§ Supplied information
((

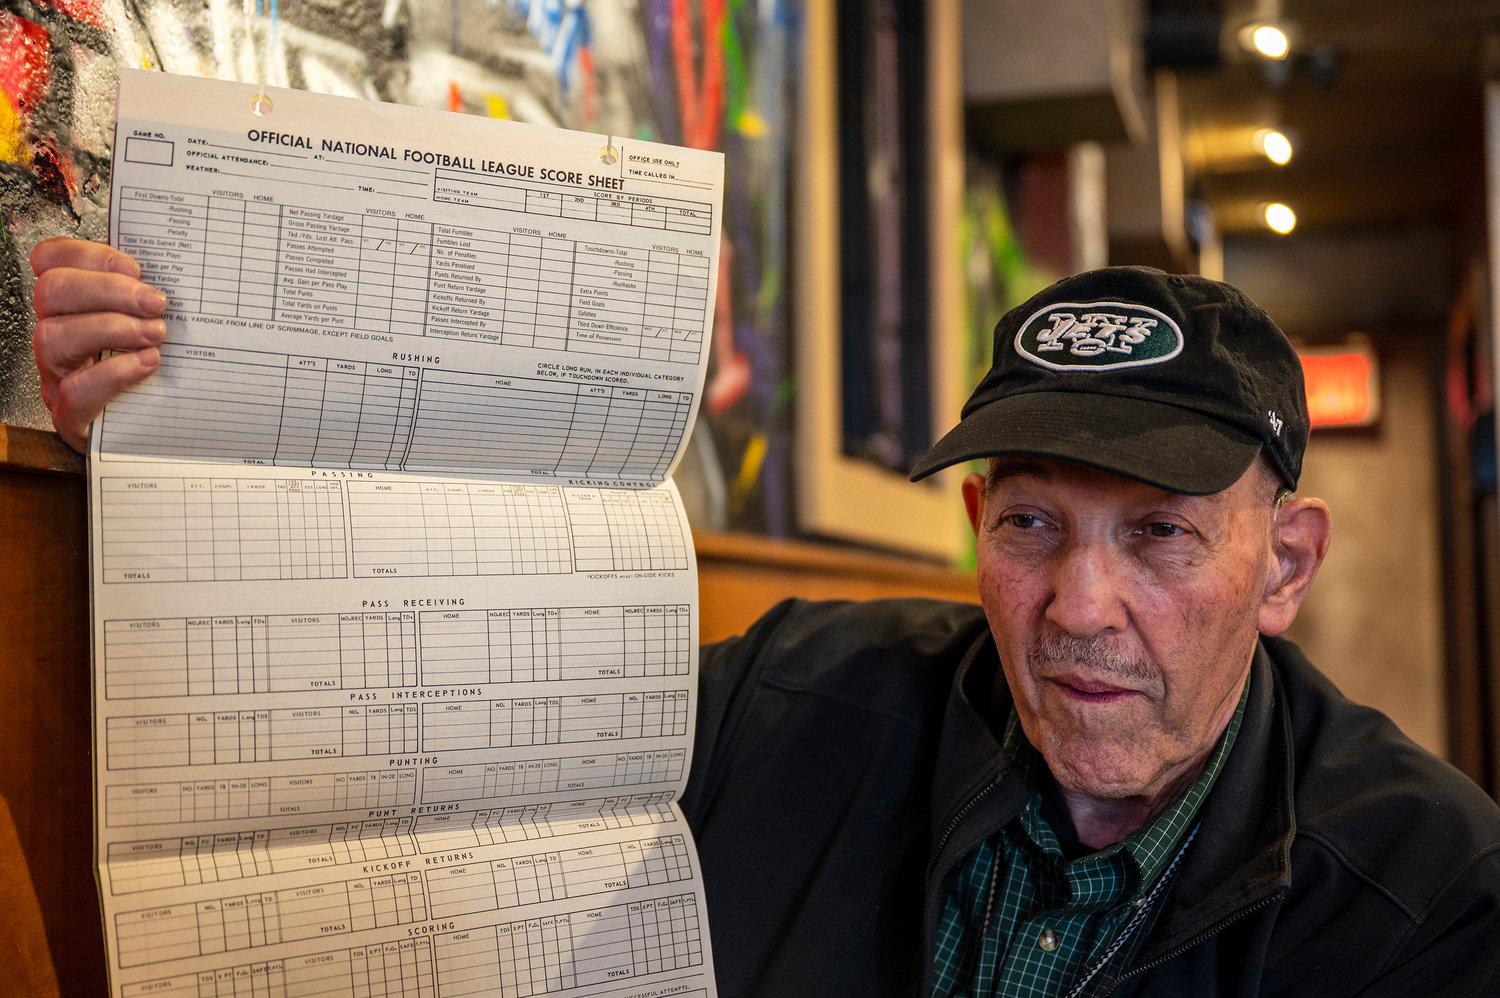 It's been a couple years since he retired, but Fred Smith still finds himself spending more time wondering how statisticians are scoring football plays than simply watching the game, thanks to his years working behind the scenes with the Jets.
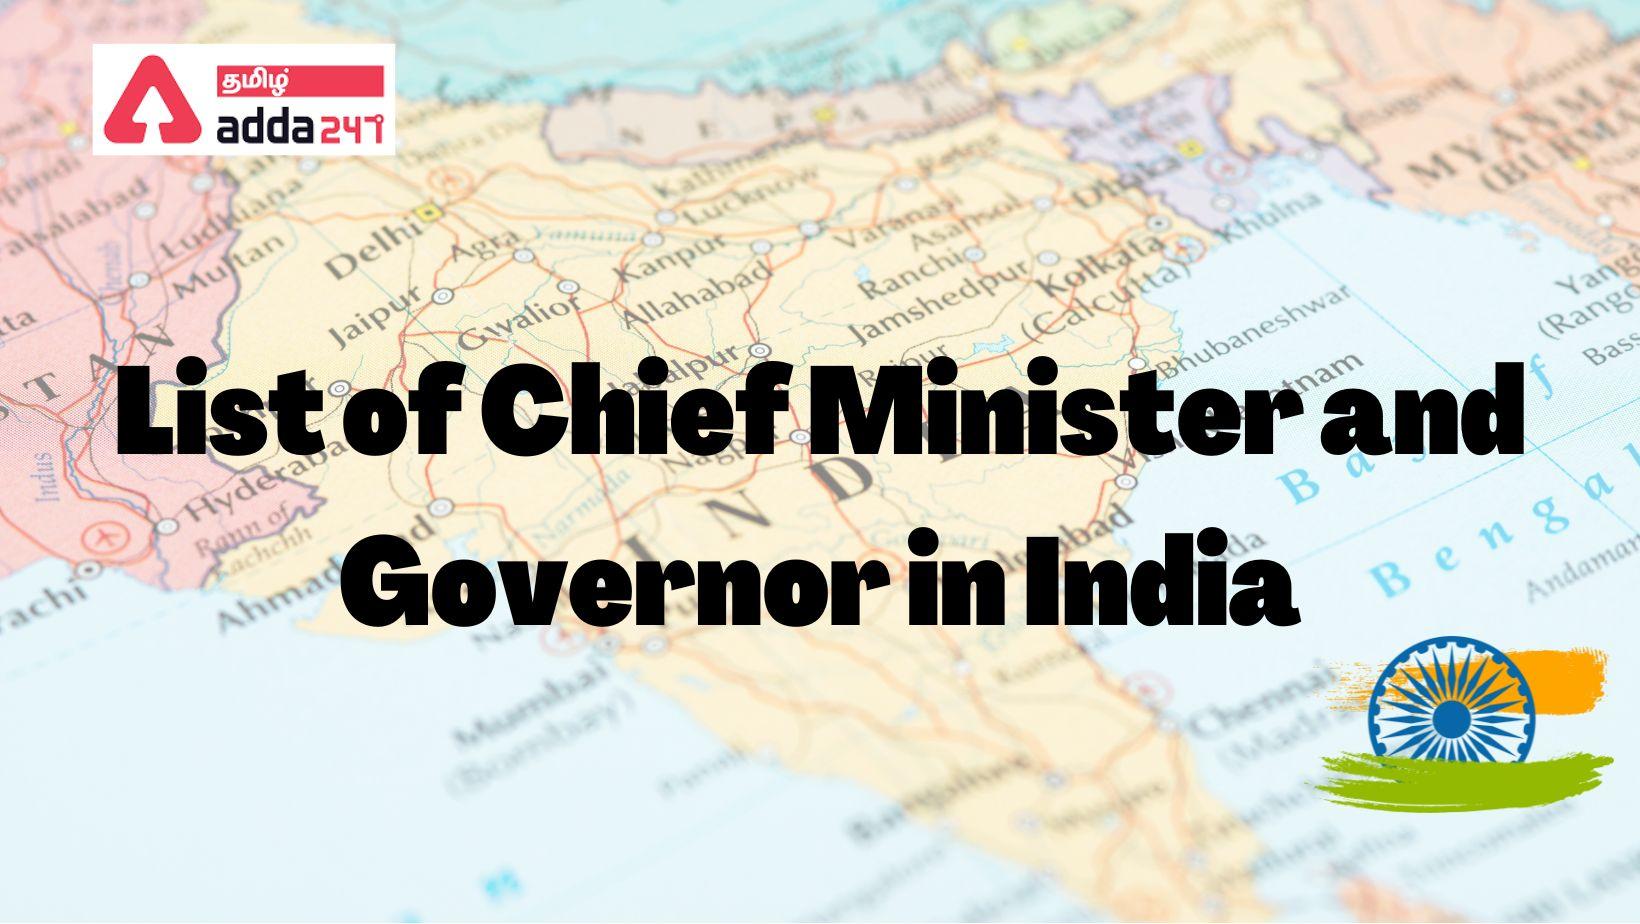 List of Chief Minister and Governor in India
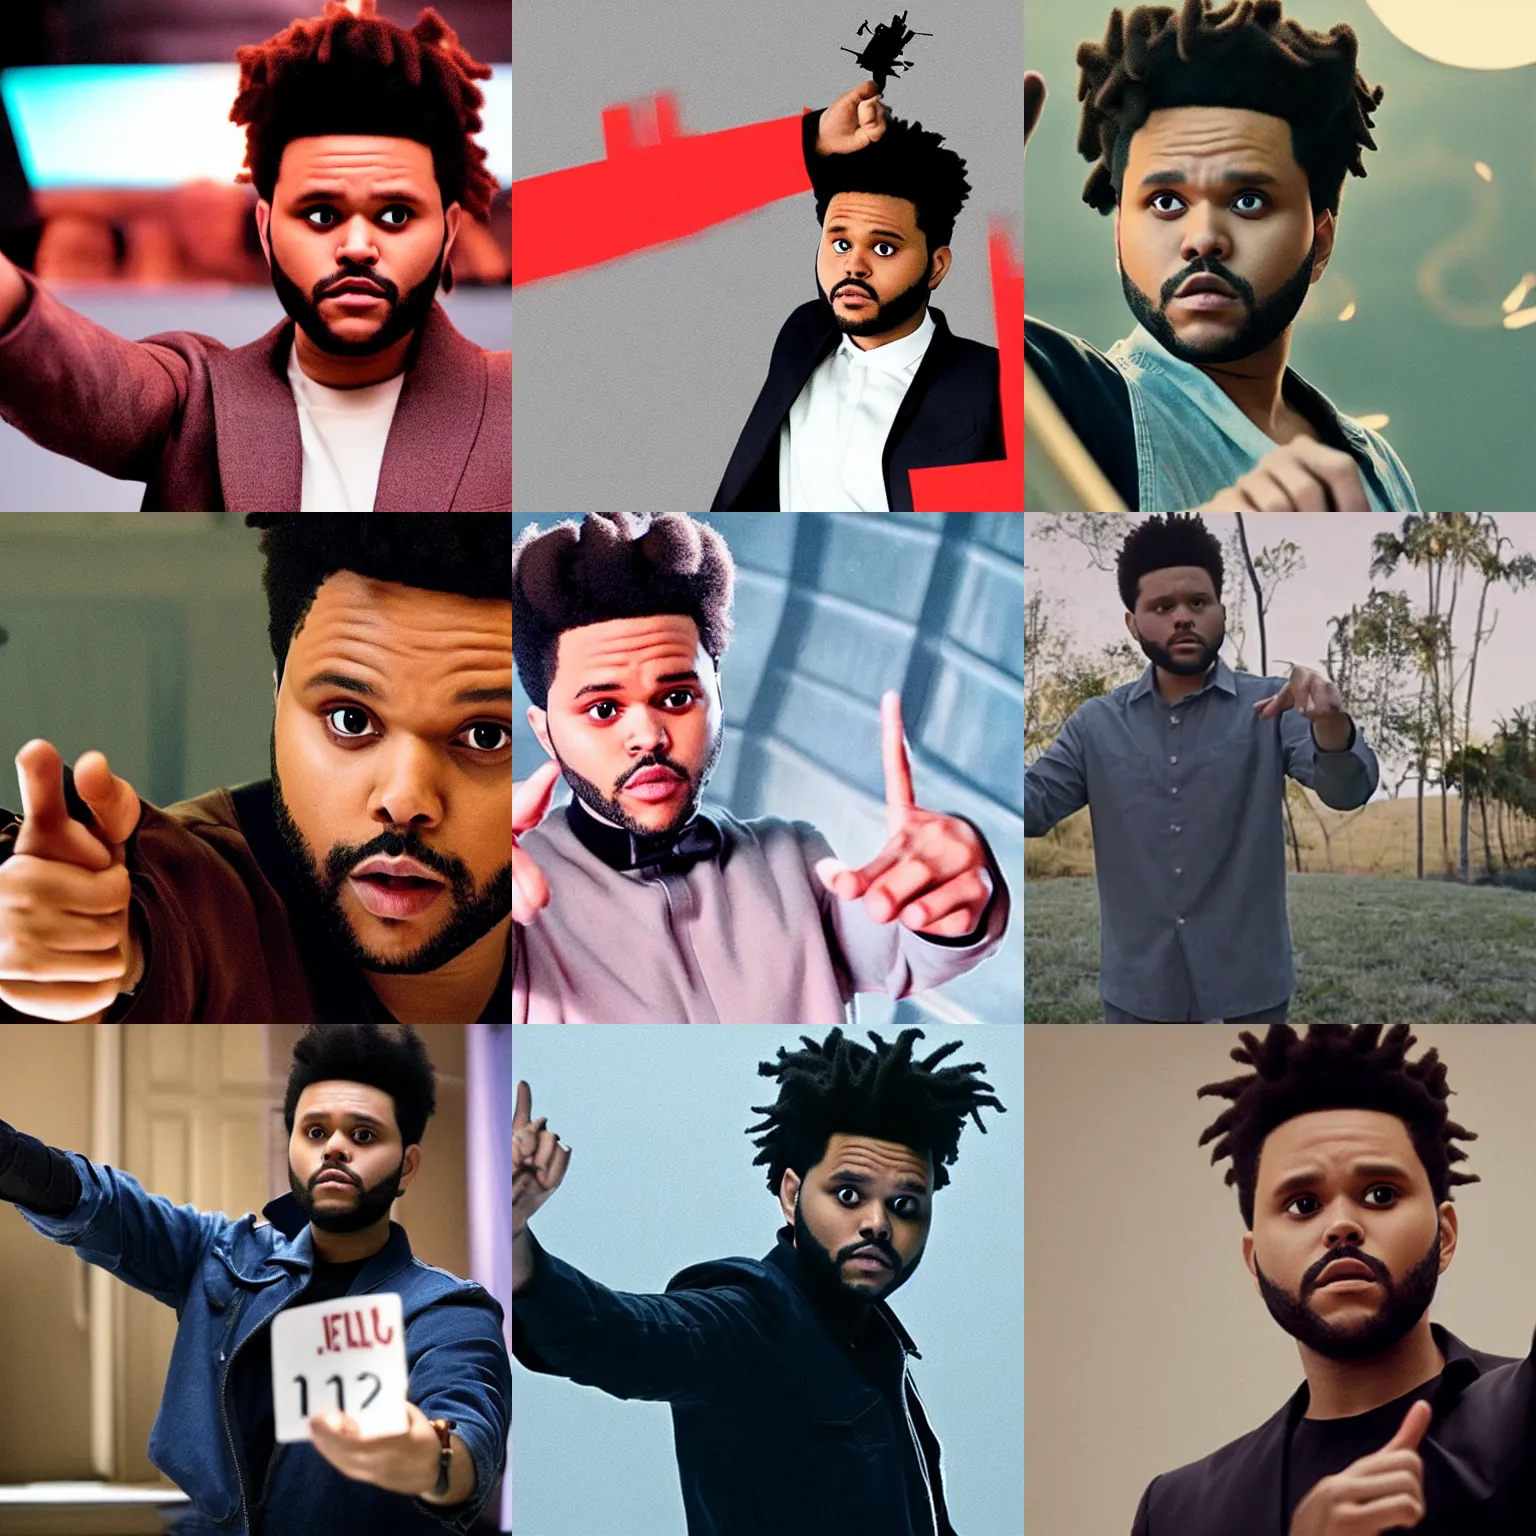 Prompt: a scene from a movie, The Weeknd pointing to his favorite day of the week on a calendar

))

Retype all the data exactly; skip the pictures.

§ Result
 It's been a couple years since he retired, but Fred Smith still finds himself spending more time wondering how statisticians are scoring football plays than simply watching the game, thanks to his years working behind the scenes with the Jets.
 List of Chief Minister and Governor in India
 Prompt: a scene from a movie, The Weeknd pointing to his favorite day of the week on a calendar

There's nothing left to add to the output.